Eulogy for a Shirt

       (clears throat) Thank you all for coming here today. I understand that this is not something most people would do. It means the world to me that you are here to help me through this.
      (dabs at eyes) Today I am celebrating and remembering the faithful service rendered to me by a certain red Shasta Bible College T-shirt. I never would have thought that a shirt could become so much a part of my everyday life.
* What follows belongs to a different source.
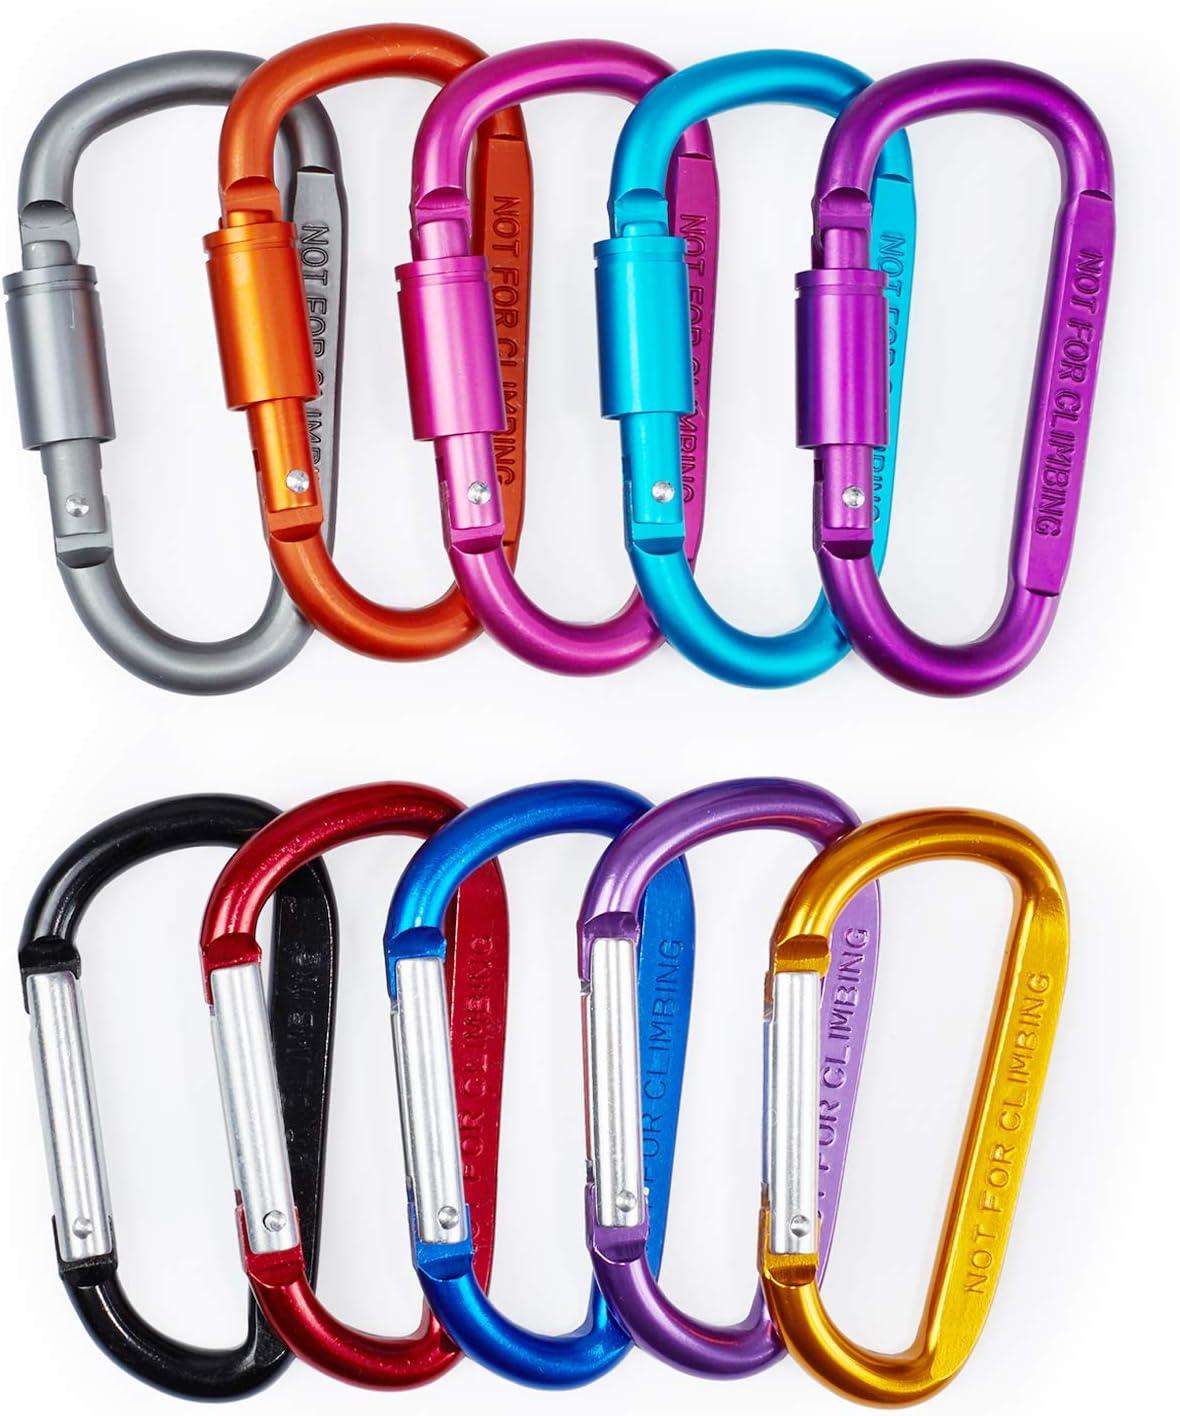 "MODENGKONGJIAN Aluminum Carabiner D Shape Buckle Pack, Keychain Clip, Spring Snap Hook Screw Gate Buckle, 3"" D-Ring Locking Key, Camping Climbing Hiking Keychain (10 PCS)"
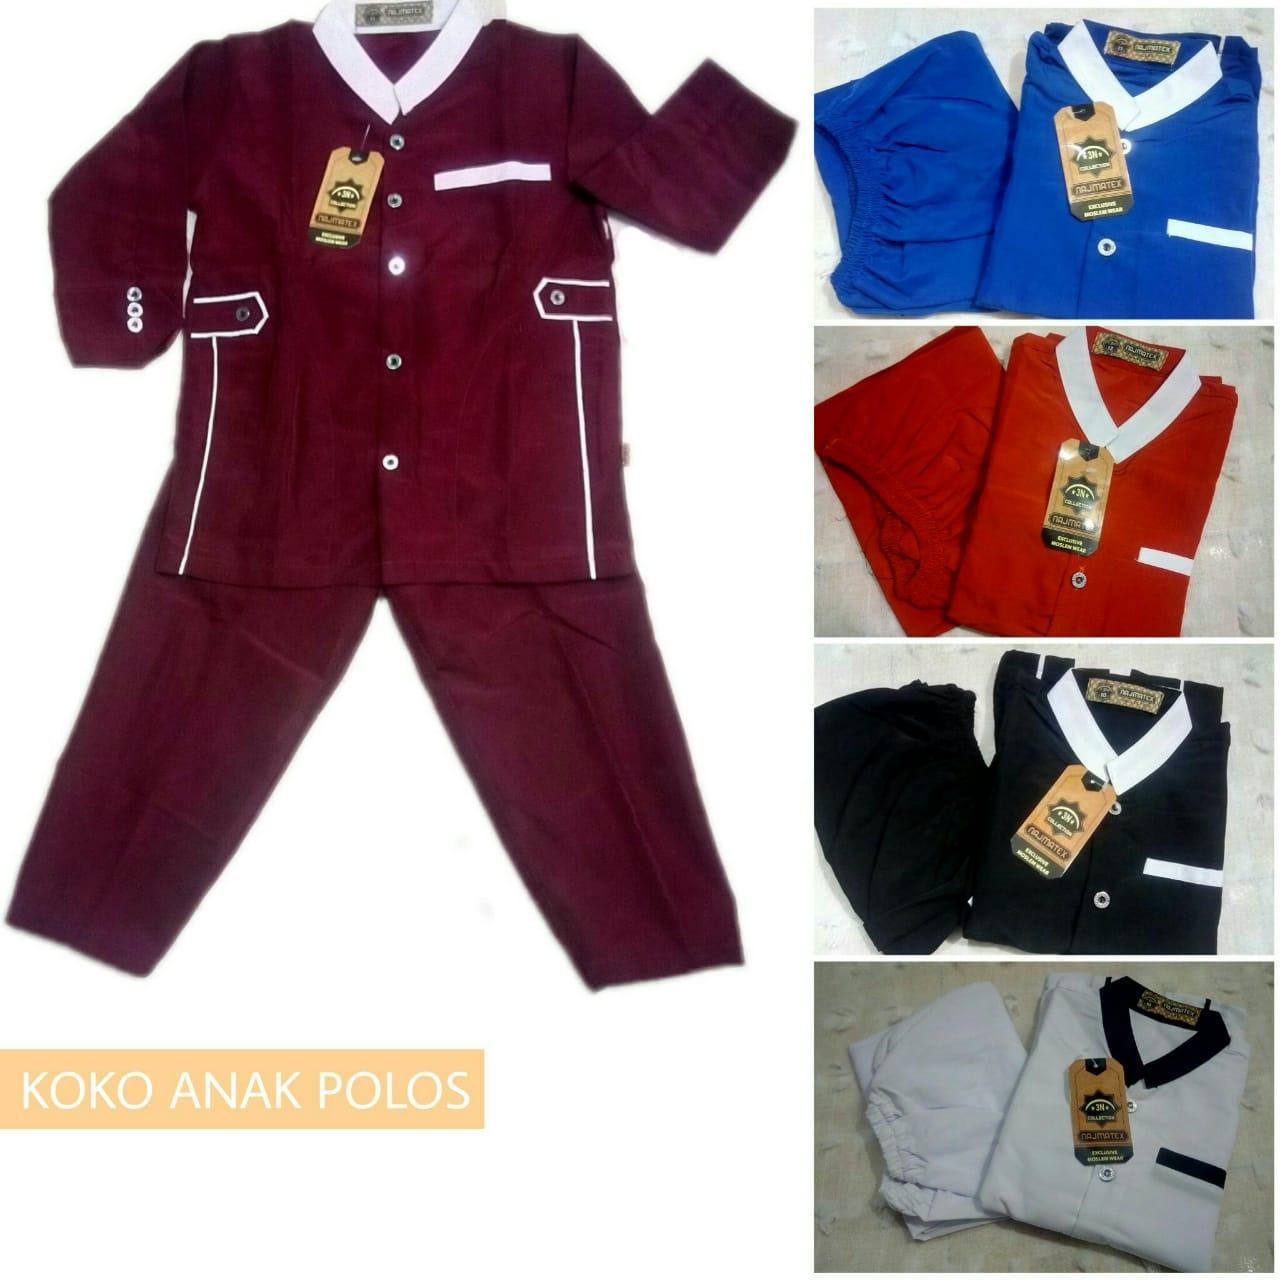 Pakaian Fashion Anak Laki Branded Collection Kaos Polo Setelan Cowok Baju

Just seeing it brings back memories, both sad and joyful.
       I wore this shirt one morning when I got up early to watch the sunrise and be with God.
       I wore this shirt during a late night walk with Kelsey around the quad.
       I wore this shirt for Monday work details, when I carried diaper clad children on my back, or raked up rotting jambos, or told long romantic stories to the 8th grade girls as we bleached the library's shelves.
      I wore this shirt when I was happy. Sometimes it made me happy just to wear it.
      I wore it on hikes in the jungle with my dog, Ami.
      I wore it inside out the summer we repainted our little house above the generator.
      I wore it the night our class did that skit about all the senior girls being in love with Timmons.
      I wore it on rainy days when we all stayed inside making hot chocolate and lemon grass tea, and listening to Focus on the Family Radio Theatre productions.
      I wore this shirt when I was sad. Sometimes I get sad looking at it.
      I wore it on the last day of my senior year camping trip when Roz and I sat underneath a table on top of the launch talking about life, music, and churrasco, while the grooves of the launch floor imprinted a crisscrossing pattern onto our skin.
     I wore it the day Kalli and I made dipping candles.
     I wore it all four years of high school.
     I wore it during our epic weekend futsal games when we played so long and so hard that my shirt turned dark red with sweat.
     I wore it in the mornings when I would get up to go practice piano in the Chapel.
     I wore it during those late nights when Grace and I would stay up talking by battery light in the living room.
    This shirt has served me well, and I am very sad that it must be retired. I am grateful, though, for the chance I had to make memories with it. I am going to miss it very much.
   
 

Comments

  1. Beautiful, Rachel! SO many memories!

    Linda

    ReplyDelete
  2. I removed my hat to read this. I have never seen such devotion for a shirt. I certainly don't have a record like this for any of my shirts, and not near as diverse. It's interesting how different people remember different things for different reasons.